The honorees will receive their awards at the AMEES dinner gala benefit for the AFTRA Foundation at Club Nokia in Los Angeles on March 21.

“The AFTRA Foundation is thrilled to honor three such highly talented AFTRA members,” said Shelby Scott, AFTRA Foundation President and former AFTRA National President. “Jaime, John and David have each made great contributions to their respective fields of work, to their Union and to society as a whole.”

About the Honorees

JAIME JARRIN – AMEE Award in Broadcasting

Jaime Jarrín – “the Spanish Voice of the Dodgers” – is the 2011 recipient of the AMEE Award in Broadcasting.
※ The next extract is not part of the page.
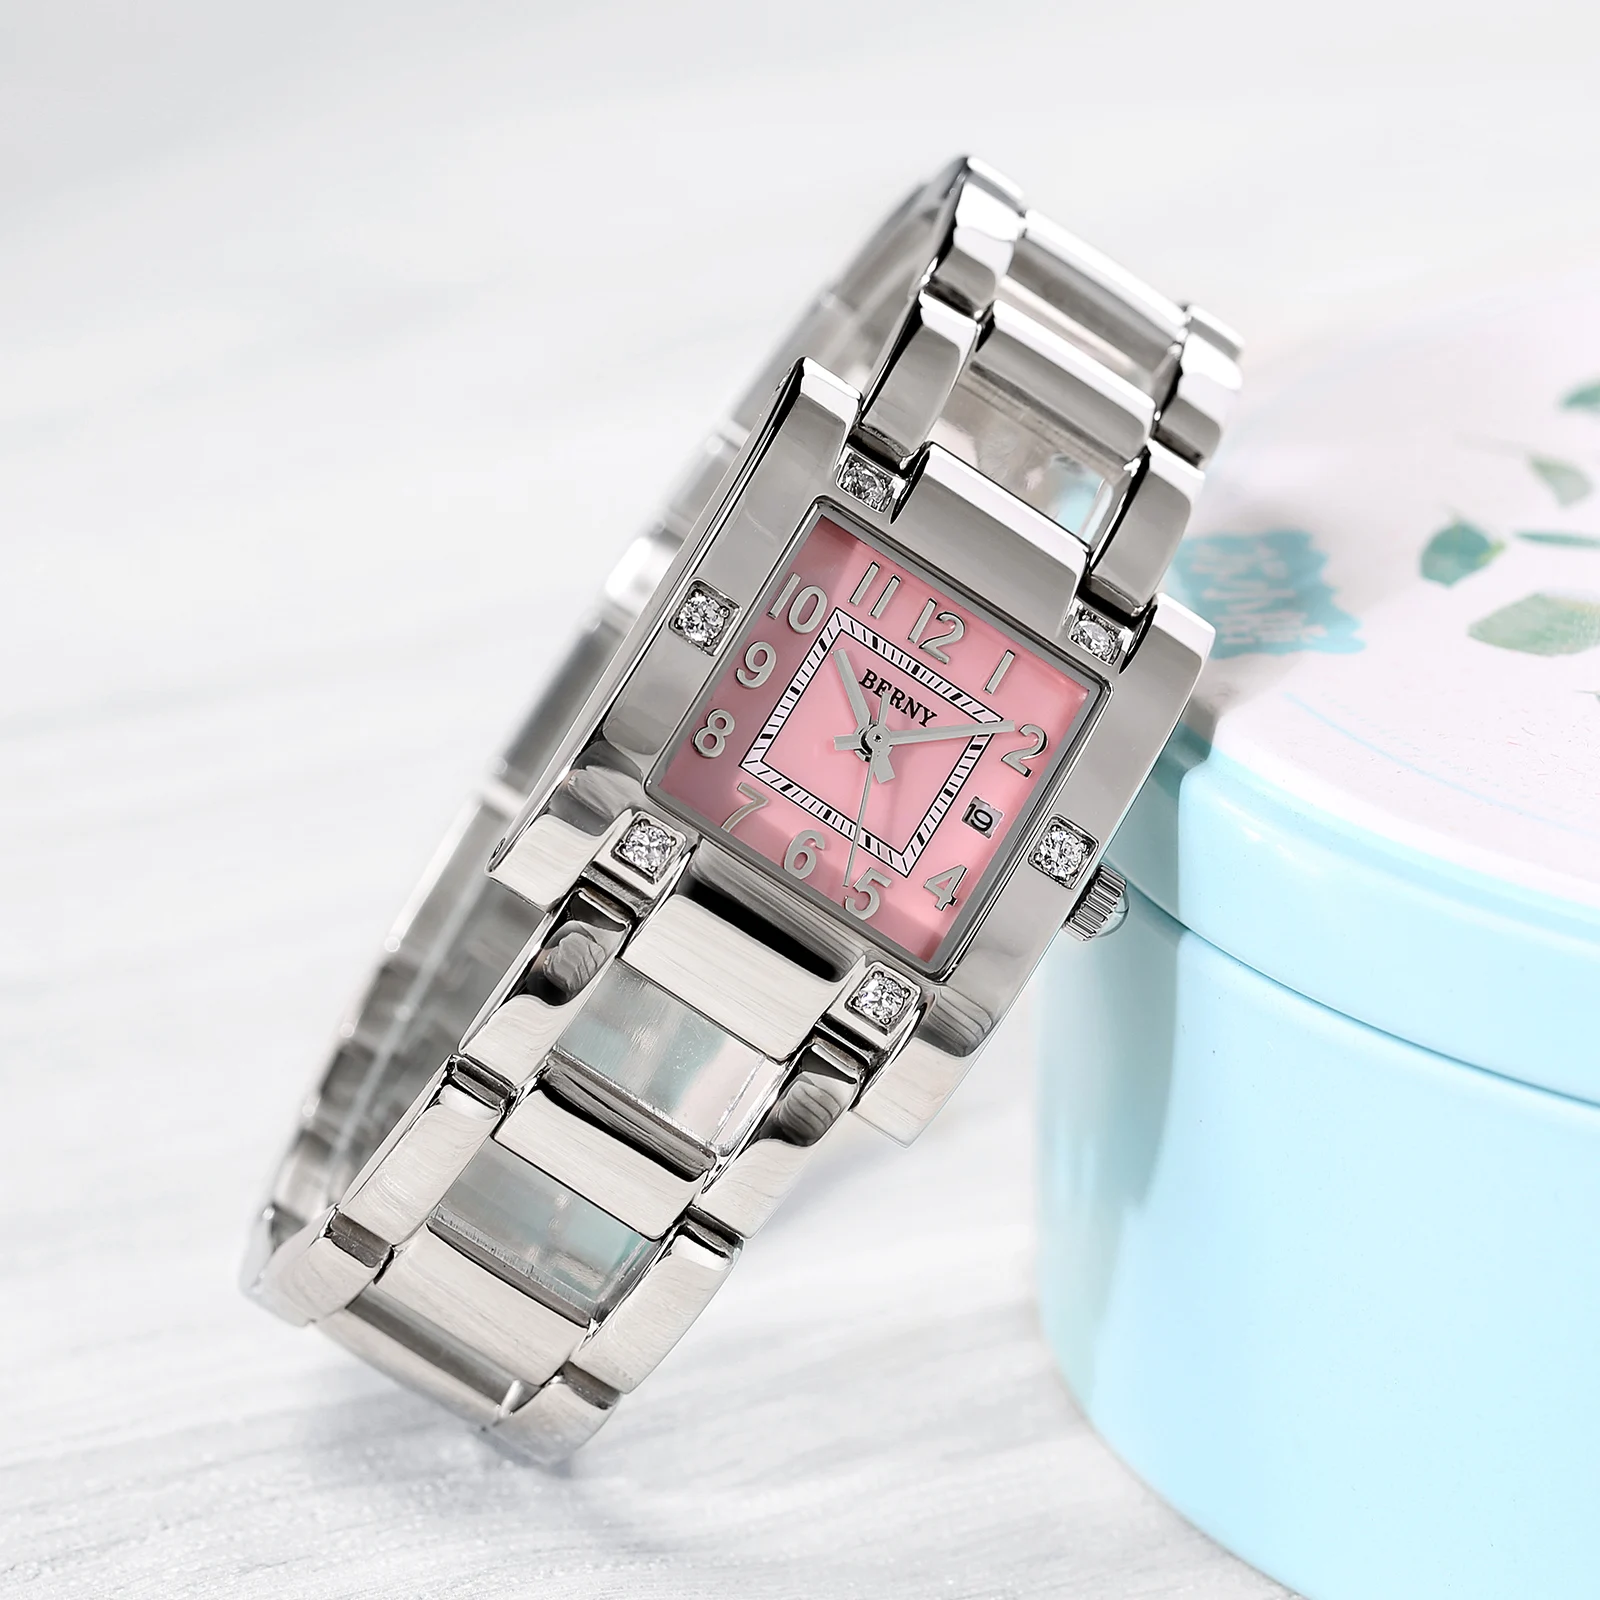 BERNY Quartz Watch for Women Fashion & Casual Easy Read Stainless Steel Ladies Clock 3ATM Waterproof Wristwatch Relogio Feminino enlarge

Born in Quito, Ecuador, Jarrín began his broadcast career at age 16, working for HCJB in his home country. Jarrín came to the United States in 1955 and soon after began working for KWKW in Los Angeles, where he was the news and sports director when the Dodgers moved to Los Angeles in 1958, the same year he joined AFTRA. He became the club's No. 1 Spanish-language broadcaster in 1973.

Jarrín has been the recipient of many honors over his career, including induction into the National Baseball Hall of Fame in 1998 in Cooperstown, NY as the recipient of the Ford C. Frick Award. Jarrín was also named as baseball's all-time best Spanish-language broadcaster based on "longevity, continuity, network coverage, kudos, language, popularity, persona, voice knowledge and miscellany." He was rated 28th overall among all broadcasters.
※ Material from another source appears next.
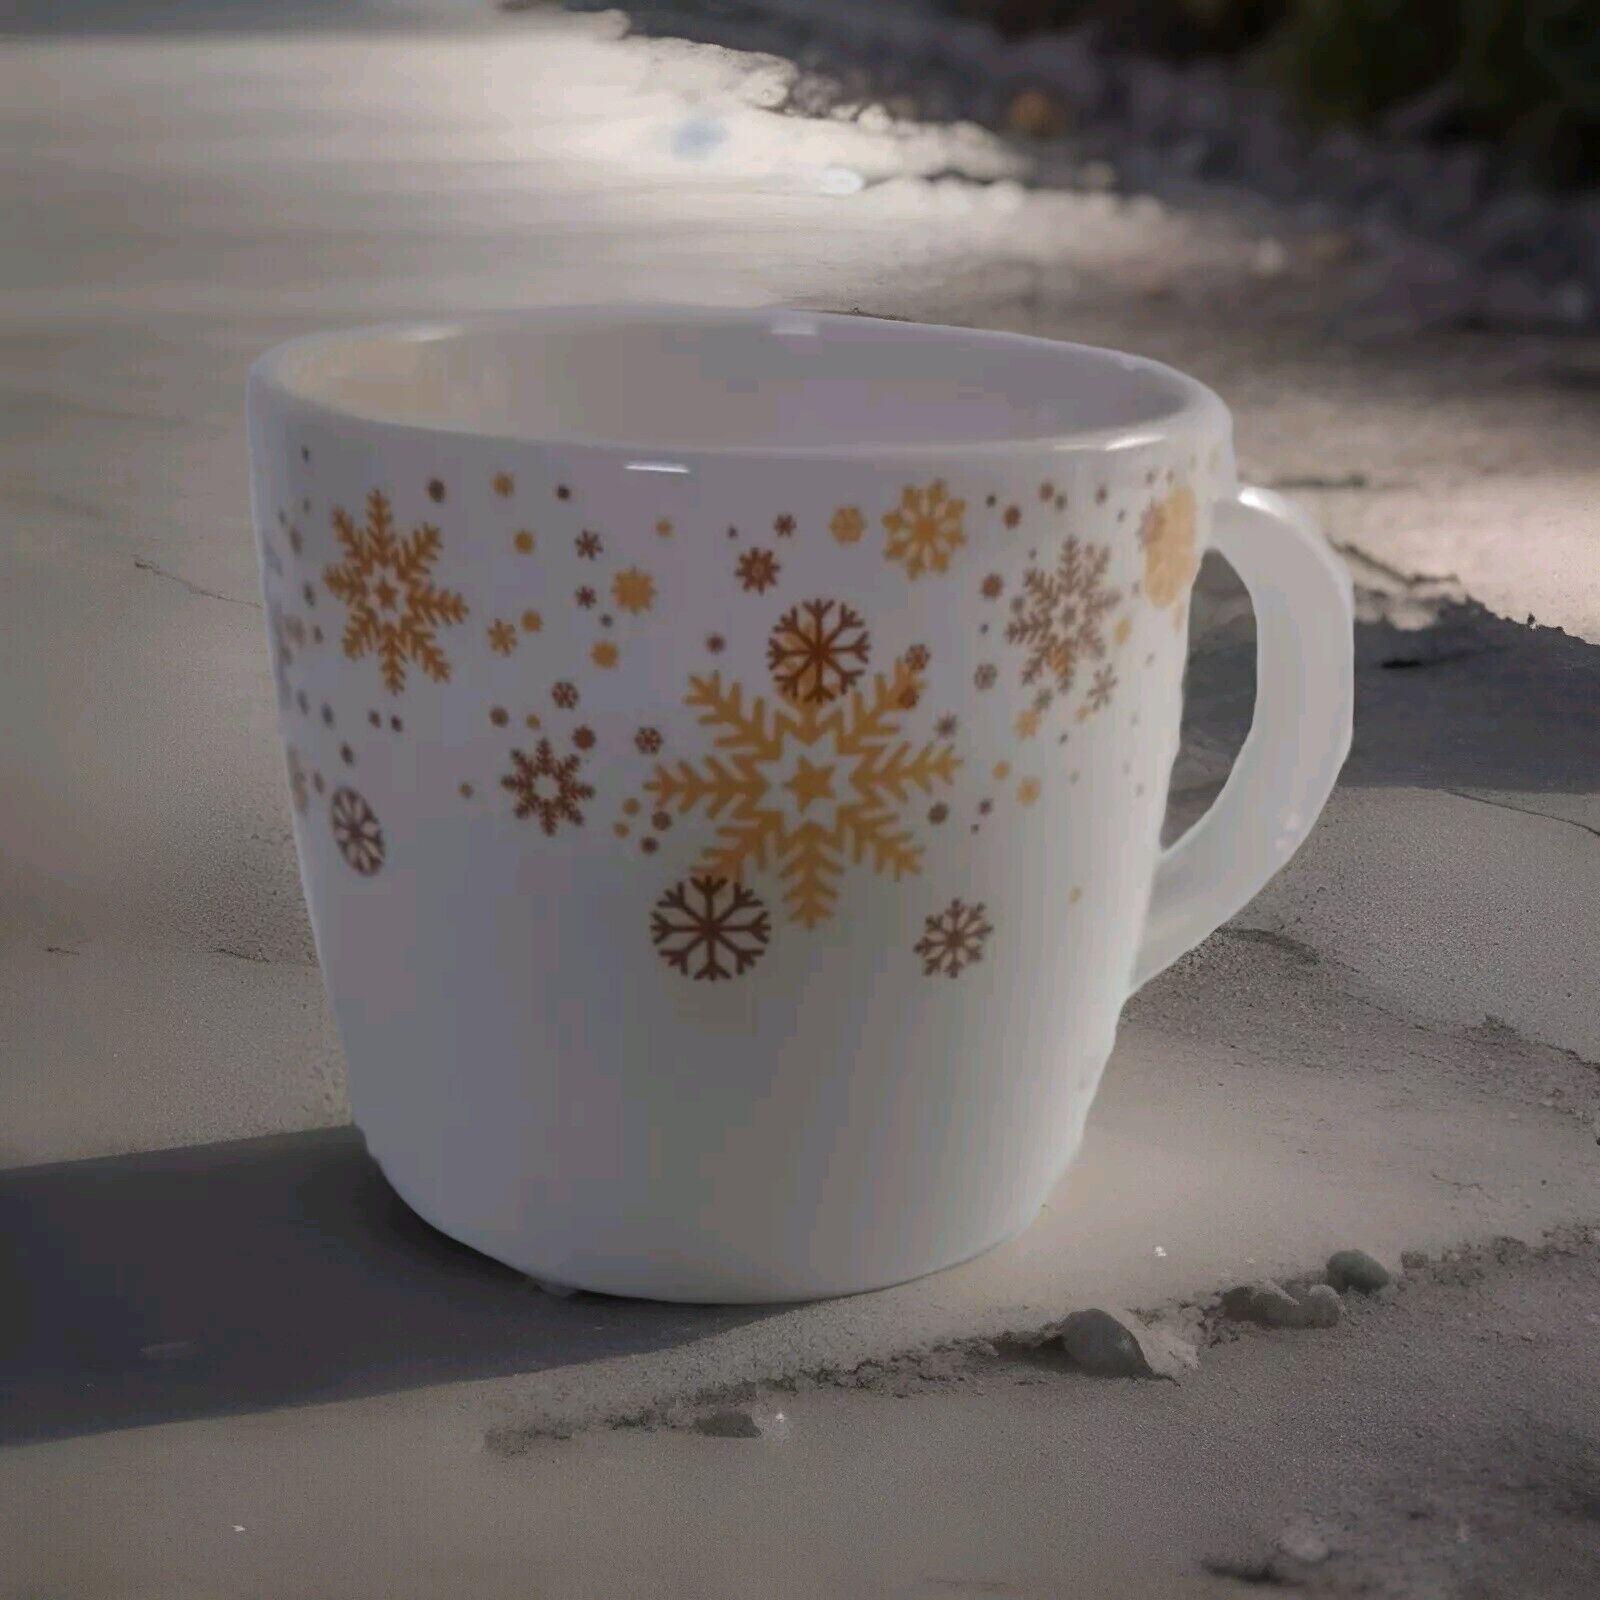 Godiva Coffee Mug Cup Chocolate White Gold Snowflakes Holiday Christmas Collect

In addition to his work calling Dodger games, Jarrín has been at the center of many international news broadcasts, including the funeral of President John F. Kennedy, Pope John Paul II's visit to America and several important meetings between foreign leaders and Presidents Richard Nixon and Lyndon B. Johnson. He served as the interpreter from 1980-81 for Mexican pitching phenom Fernando Valenzuela. Valenzuela, also an AFTRA member, became an analyst in 2003 and continues to work alongside Jarrín.

Jarrín has also called more than 30 world championship boxing title bouts throughout the world for radio and television stations in Latin America, including the “Thrilla in Manila” between Muhammad Ali and Joe Frazier. He has called 19 All-Star Games and 25 World Series, including the 2005 Fall Classic in which he served as the emcee for MLB's Latin Legends ceremony. His broadcasts of the All-Star Game, League Championship Series and World Series on CBS, the Latina Broadcasting Network, Cadena Latina and Caracol and 1989 to 1999 were carried on more than 300 stations. In March 2006, Jarrín served as a play-by-play announcer for the inaugural World Baseball Classic.
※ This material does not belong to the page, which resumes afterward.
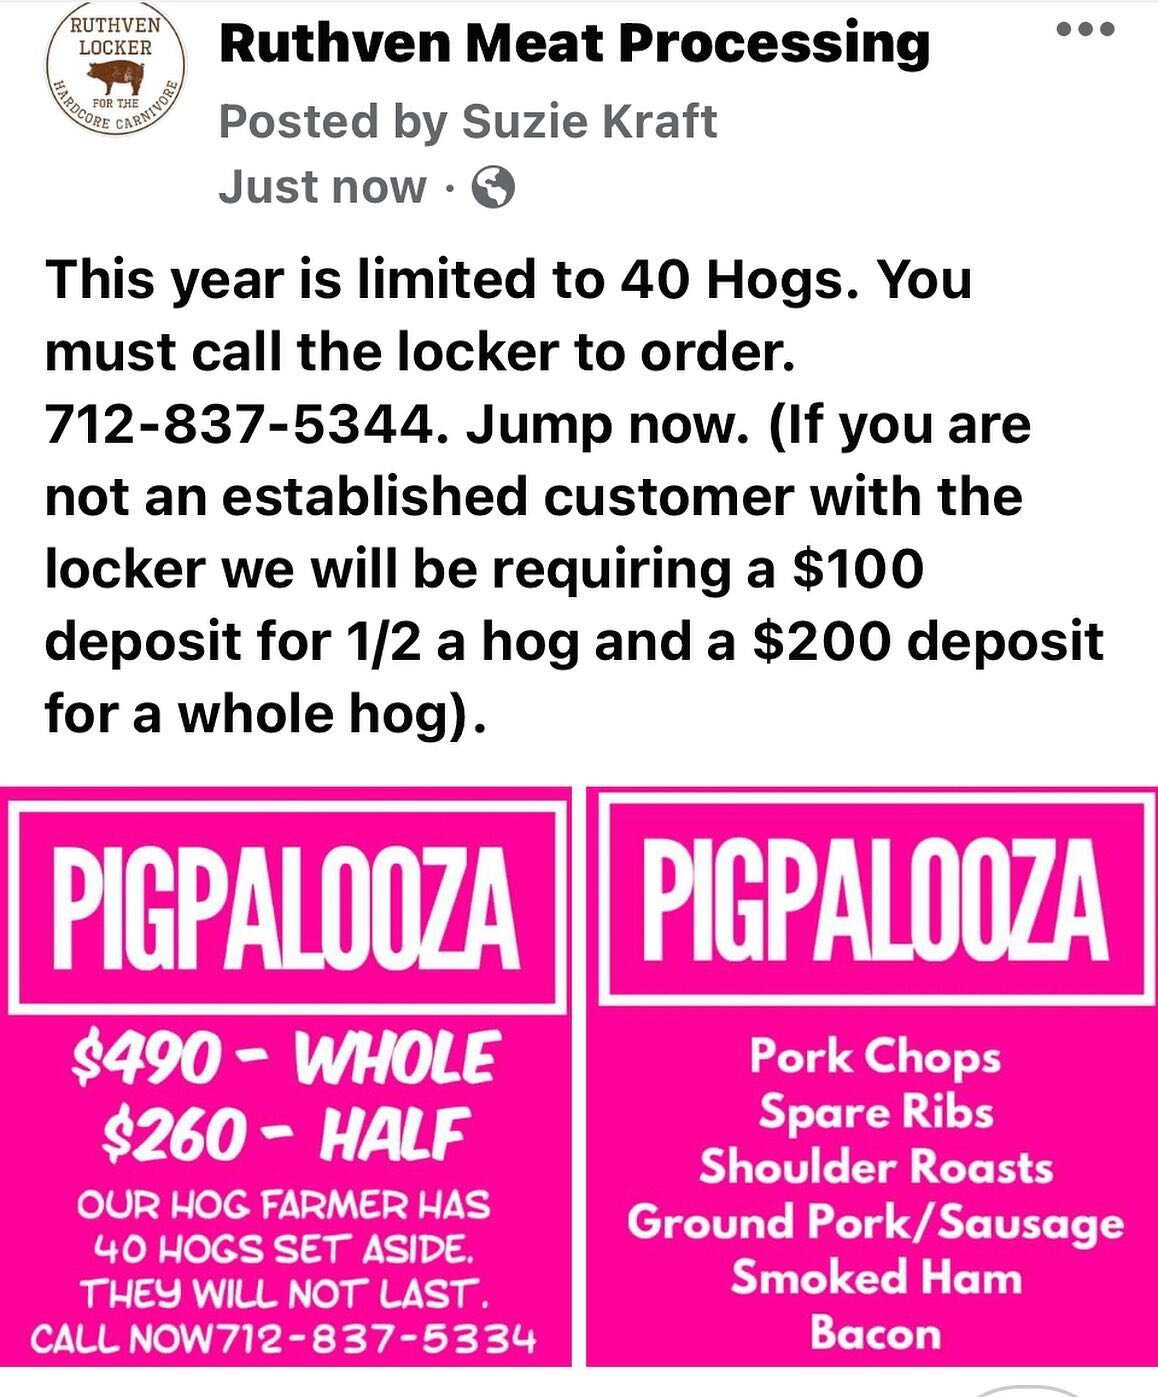 #pigpalooza

To read Jarrín’s full bio, go to www.aftra.com/JaimeJarrin.htm

JOHN WALSH – AMEE Award in Entertainment

“America’s Most Wanted” host John Walsh is the 2011 recipient of the AMEE Award in Entertainment.
A member of AFTRA since 1986, Walsh is known internationally as a crime fighter and victims’ rights advocate and the host of “America’s Most Wanted” – the groundbreaking reality program that’s helped law enforcement capture more than 1,100 dangerous fugitives and brought home more than 50 missing children since its debut in 1988. He never sought the role, but this has been his life since July 27, 1981 – the day his only child, Adam, was abducted from a mall near his home in Hollywood, Florida. Adam was found murdered two weeks later.

Born in Auburn, New York and educated at the University of Buffalo, Walsh moved to Florida with his wife, Revé, and had been a successful hotel developer before Adam’s tragic murder.

The Walshes’ experience showed them that the nation was in desperate need of leadership in the fight to protect children. Out of their pain, the National Center for Missing & Exploited Children (NCMEC) was created in 1984, after President Ronald Reagan signed the “Missing Children’s Assistance Act.” The NCMEC is the premier child protection non-profit, providing invaluable resources to parents, children and law enforcement in the United States and internationally.

A hero to law enforcement, Walsh has been honored numerous times by many local, state and federal agencies. In addition to being named “Man of the Year” by both the U.S. Marshals Service and the FBI, Walsh was also made an honorary U.S. Marshal. He is only the third man to receive this honor in the organization’s two hundred-plus-year history.

Walsh’s three best-selling books: Tears of Rage, No Mercy and Public Enemies, tell his family’s story and about the toughest AMW cases he’s worked on.

For Walsh’s full bio, go to www.aftra.com/JohnWalsh.htm

DAVID CROSBY – AMEE Award in Sound Recordings

Music legend David Crosby is the 2011 AMEE Award in Sound Recordings.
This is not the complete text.